As a therapist I hear this often. People feeling lousy about themselves because they are comparing themselves to their friends, and family in terms of where they rank in their job, how much money they make, where they live, or even their relationship status. It's normal to think about this, and is often an internal conversation you may have with yourself. Weddings, baby showers, news of a friend's career promotion, may all be reminders that you may not be where you expect yourself to be in your life journey.
Of course you want to be happy for the people in your life who are accomplishing great things. But often, our insecurities can take over when Facebook status updates and Twitter feeds are bombarding us of people reaching milestones in their lives.
It seems like no matter where you are in your life, you will always find others who may seem better off than you, and are accomplishing greater things than you are.
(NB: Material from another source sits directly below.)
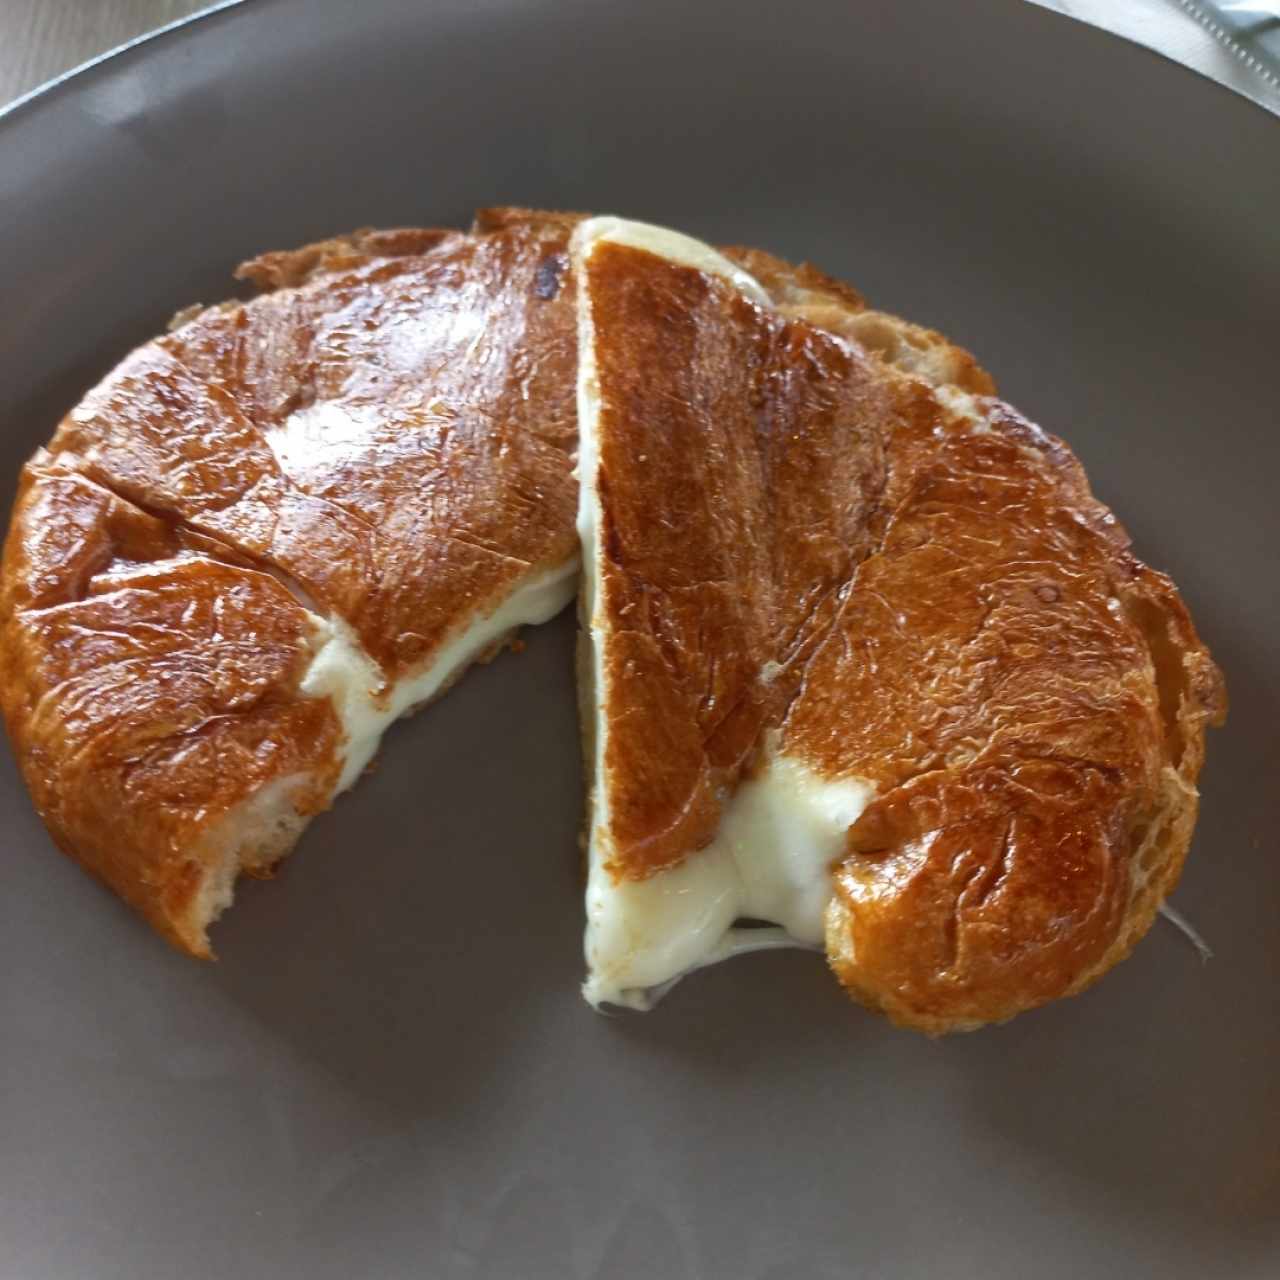 Croissant con queso (Mozzarella,Cheddar o Nacional)

Yes, it can be upsetting at times. Constantly comparing yourself to others can make you feel inferior, and even the most confident person may start to feel insecure.
Here are four things you can remember, to save yourself from comparing yourself to others, and feeling like you are not measuring up.
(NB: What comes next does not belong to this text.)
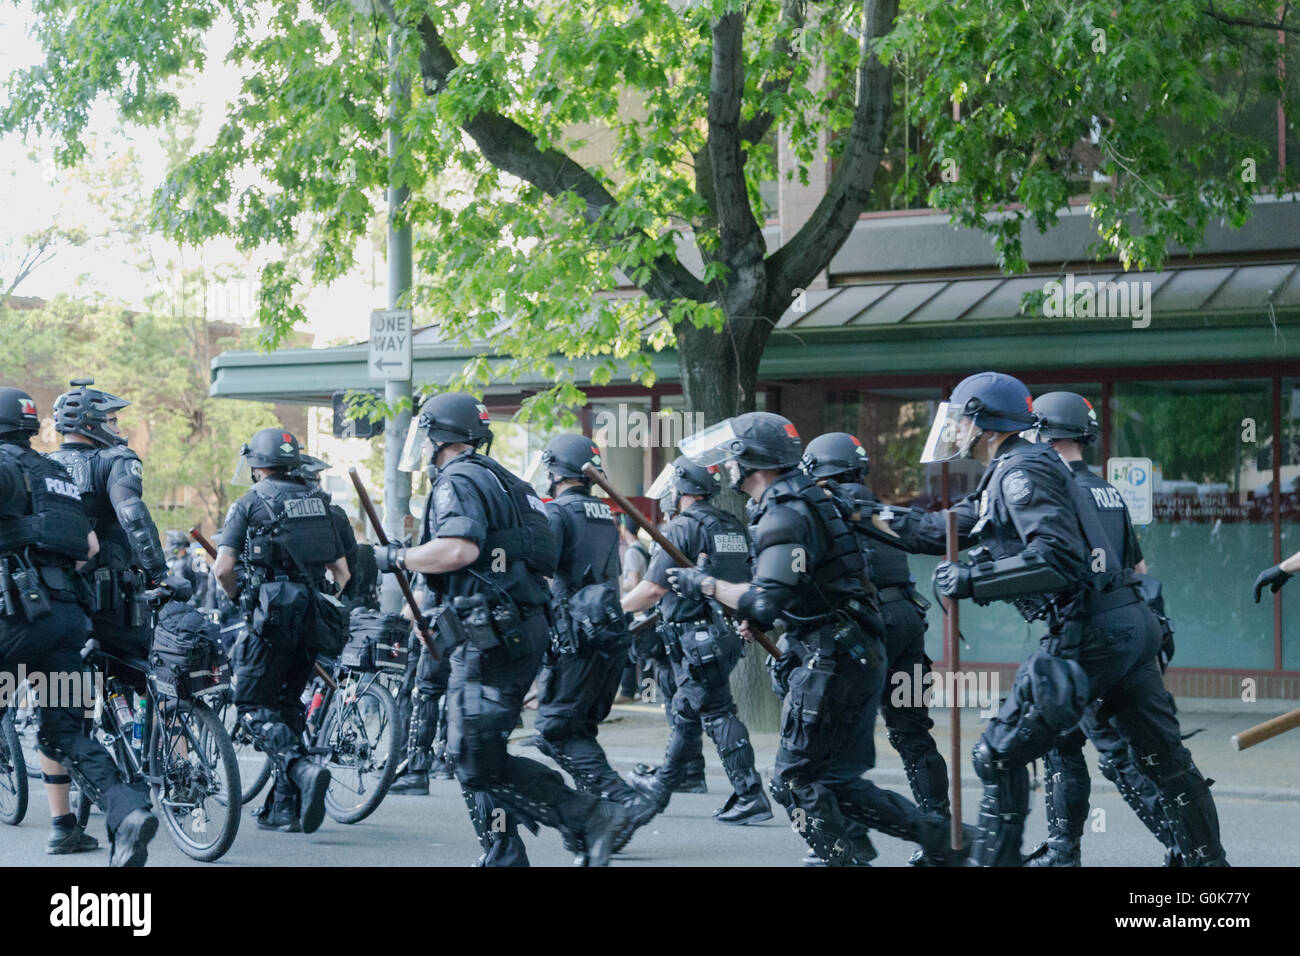 Seattle, WA, Stati Uniti d'America. Il 1 maggio, 2016. Gli ufficiali di polizia carica improvvisamente aggressivo verso un gruppo di manifestanti e reindirizzare un percorso marching. Foto Stock

1) Life happens at your own pace.
There are some people who have everything together at 25. It may take another person until the age of 50. Everyone is different, it doesn't mean that one is better than the other; it just means that everyone is different. Feeling like things are coming together in life takes time, and it needs to be done on your own terms, not according to someone else's.
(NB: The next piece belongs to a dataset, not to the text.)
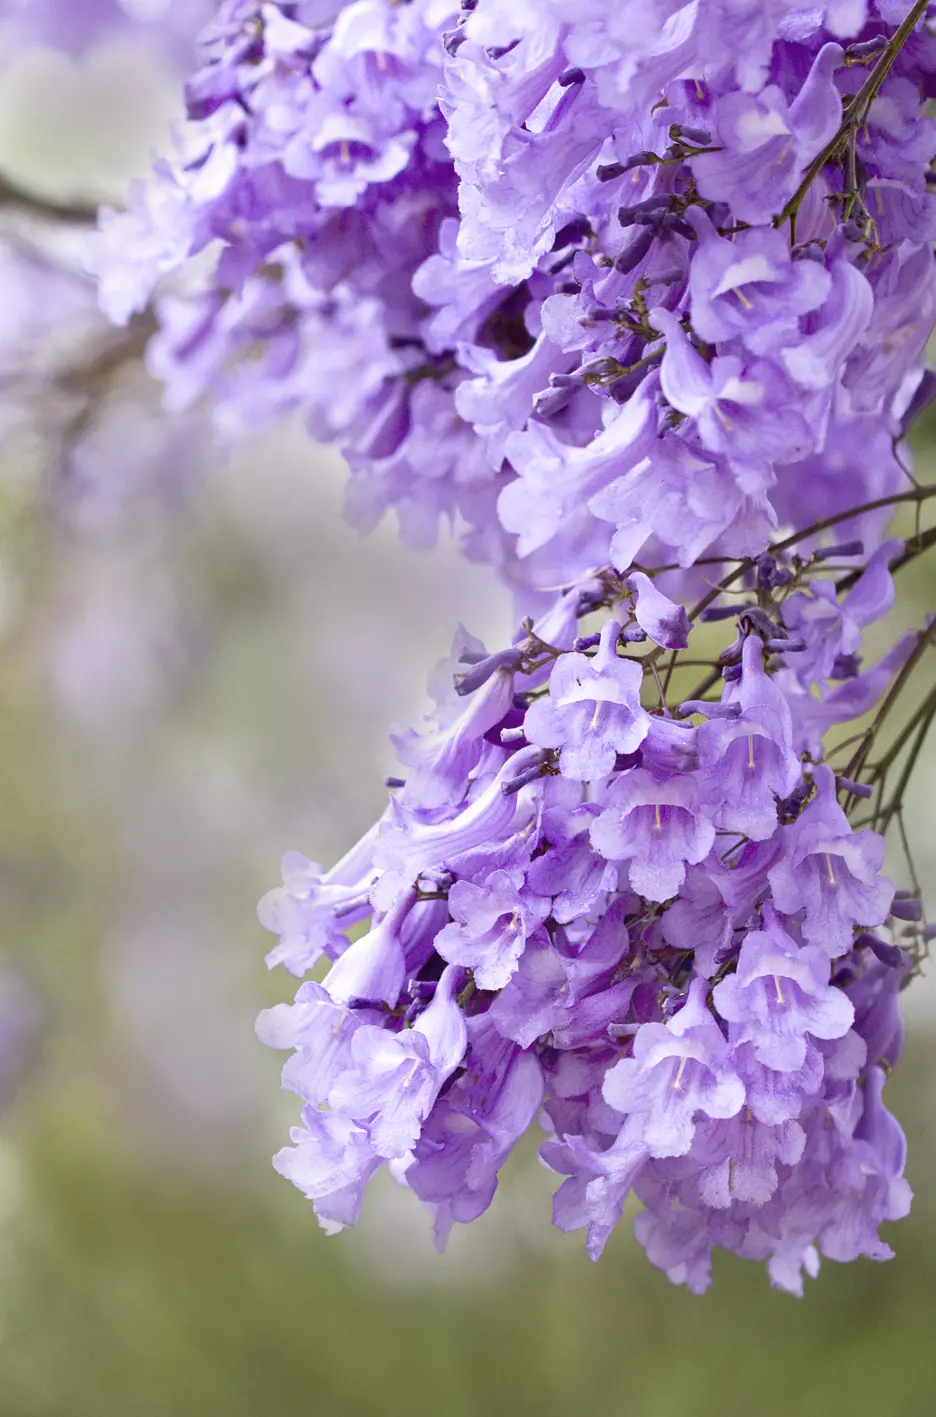 alberi con fiori violacei - Cosa vuol dire Jacaranda

2) Keep a gratitude journal
List 5 things you are grateful for everyday. It can be a small or even huge thing. Your co worker said they liked your presentation at the department meeting. This was a positive gesture, and something you can be appreciative of today. This makes you look for positivity in your life. When you train yourself to look for the positive, the world starts to look better.
3) Good comes with bad
Does it seem like only great things are happening to others? Don't you think it's odd that you never hear about their struggles? That's because people tend to share the good, and leave out the bad, or the struggles they endured to get to what they have now. The friend who is manager of a top company, that didn't happen overnight. He didn't tell you about the countless hours of overtime he put in or the juggling act he managed to survive, going to school part-time while moving up in the company. Remember everyone is human; no one has a perfect life- even though it may seem like it sometimes.
4) Take a good look at the person you are today
Think of all the great things you have done. You may think that you have not accomplished much, but take a look at what your life was like 10 years ago. Has anything changed? Is your life any different from how it was 5 years ago? It doesn't have to be material items that you have accumulated over time, but rather the knowledge, life lessons, and experiences you have gained through the years. This makes you the person you are today.
It is important to remember that all that glitters isn't gold. In difficult times it is easy to focus on others who may seem to have it all, but to another person you may seem to have it all. It is all perception. It is essential to focus on yourself and live life to the fullest the way you intend to.